Х. В которой мадемуазель Анна воспаряет до выводов самых возвышенныхНесколько дней спустя вечером в доме профессора Гранариуса Анна с досадой укоряла Жюля:
– Вы изменяете теплице, вы ведете рассеянный образ жизни; говорят, что, насмотревшись на рост кошенилей, вы полюбили красное и мысли ваши заняты некоей девицей Пингвуазо…
– Что вы, милая Анна! что вы! – возразил Жюль не без смущения. – Разве вы не знаете, что я люблю вас…
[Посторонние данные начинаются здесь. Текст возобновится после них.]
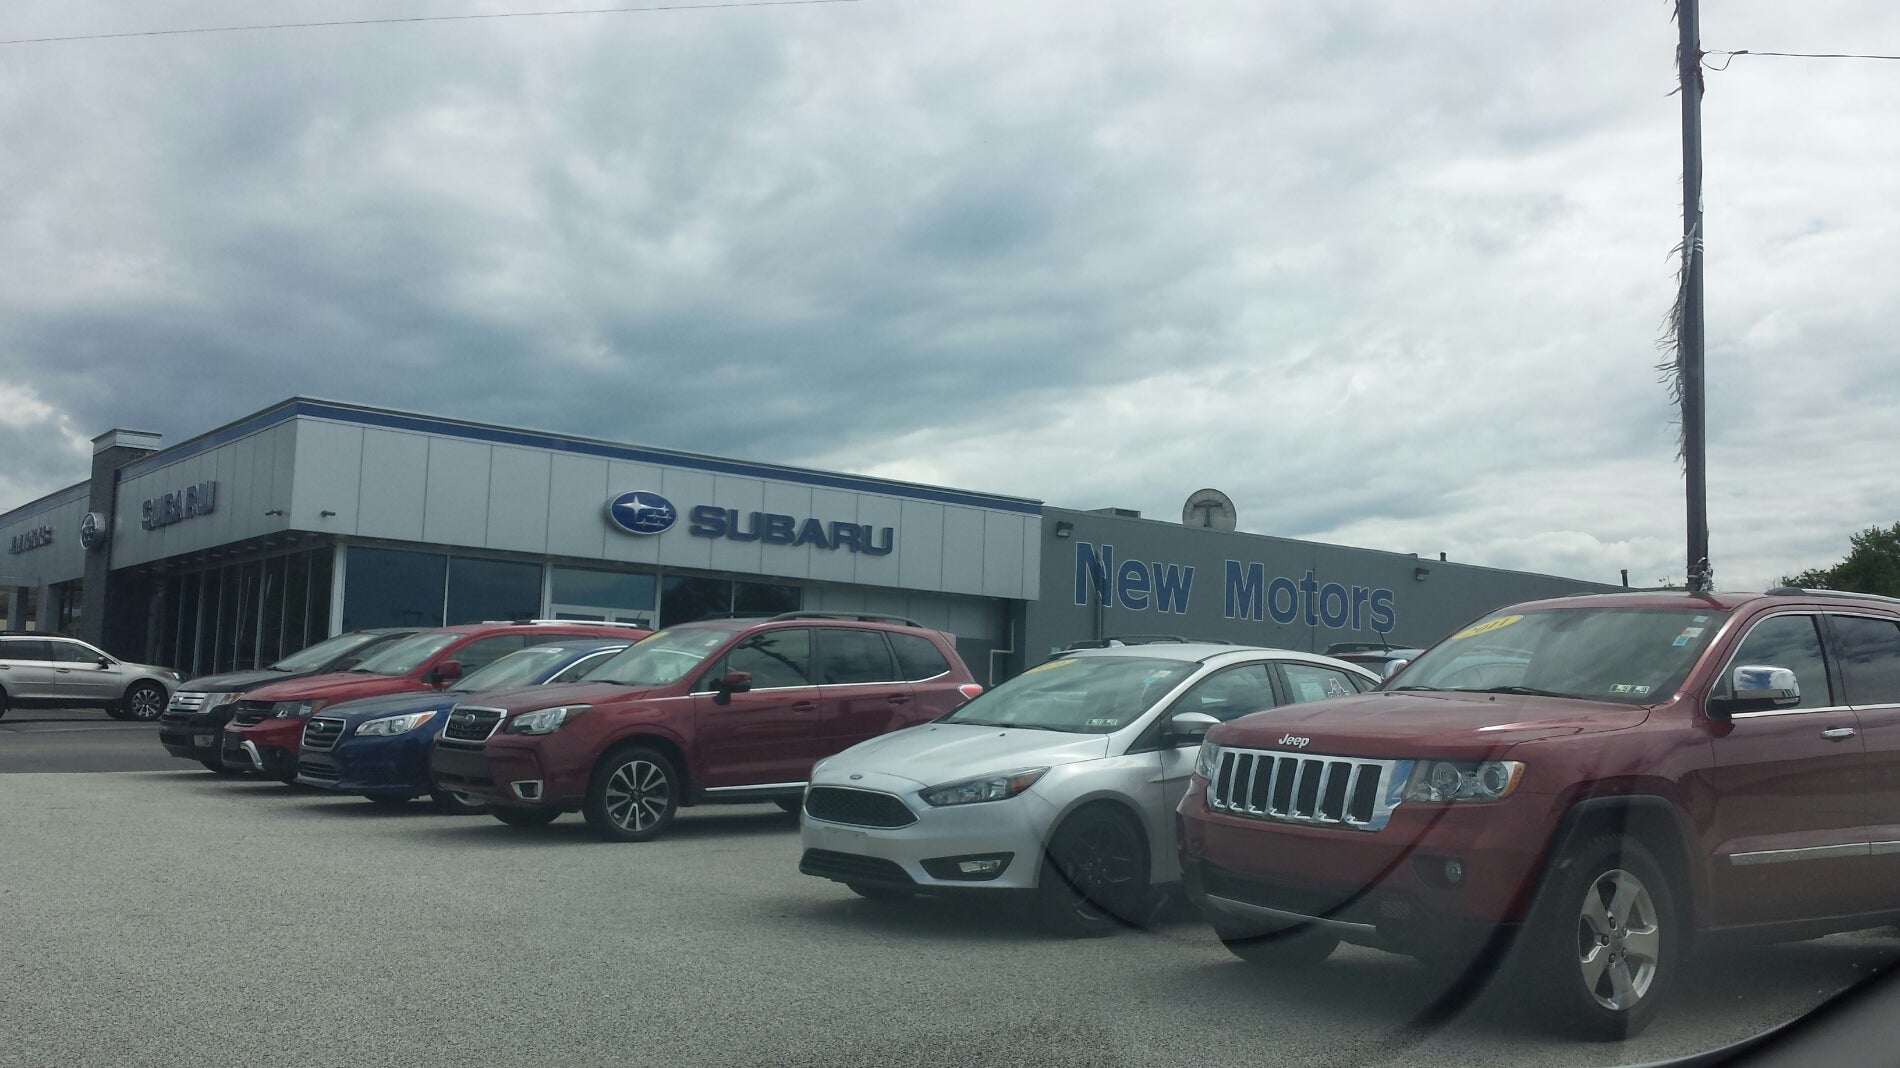 Subaru & Pre Owned Car Dealership in Erie PA. New Motors Subaru

– О нет! – сказала Анна. – У вас, ученых, да и вообще у Людей, разум – враг любви! В природе никто не думает о деньгах, все слушаются только инстинкта и так неукоснительно движутся по раз и навсегда намеченному пути, что, хотя жизнь течет очень однообразно, никаких несчастий в ней не случается. Ничто не могло заставить это крохотное существо в пурпурно-золотых одеждах, сверкающее таким множеством брильянтов, какого не имел сам Сарданапал, взять в жены существо, не рожденное под теми же небесами, что и он сам; он был готов погибнуть, лишь бы не жениться на той, кто с ним не схожа, в ком он не может обрести родственную душу; а вы!.. вы намереваетесь жениться на рыжей особе, у которой нет ни образования, ни фигуры, ни идей, ни манер, у которой огромные ступни и веснушки, которая носит перекрашенные платья, которая будет по двадцать раз в день ущемлять ваше самолюбие и с утра до вечера терзать ваш слух дурно сыгранными сонатами.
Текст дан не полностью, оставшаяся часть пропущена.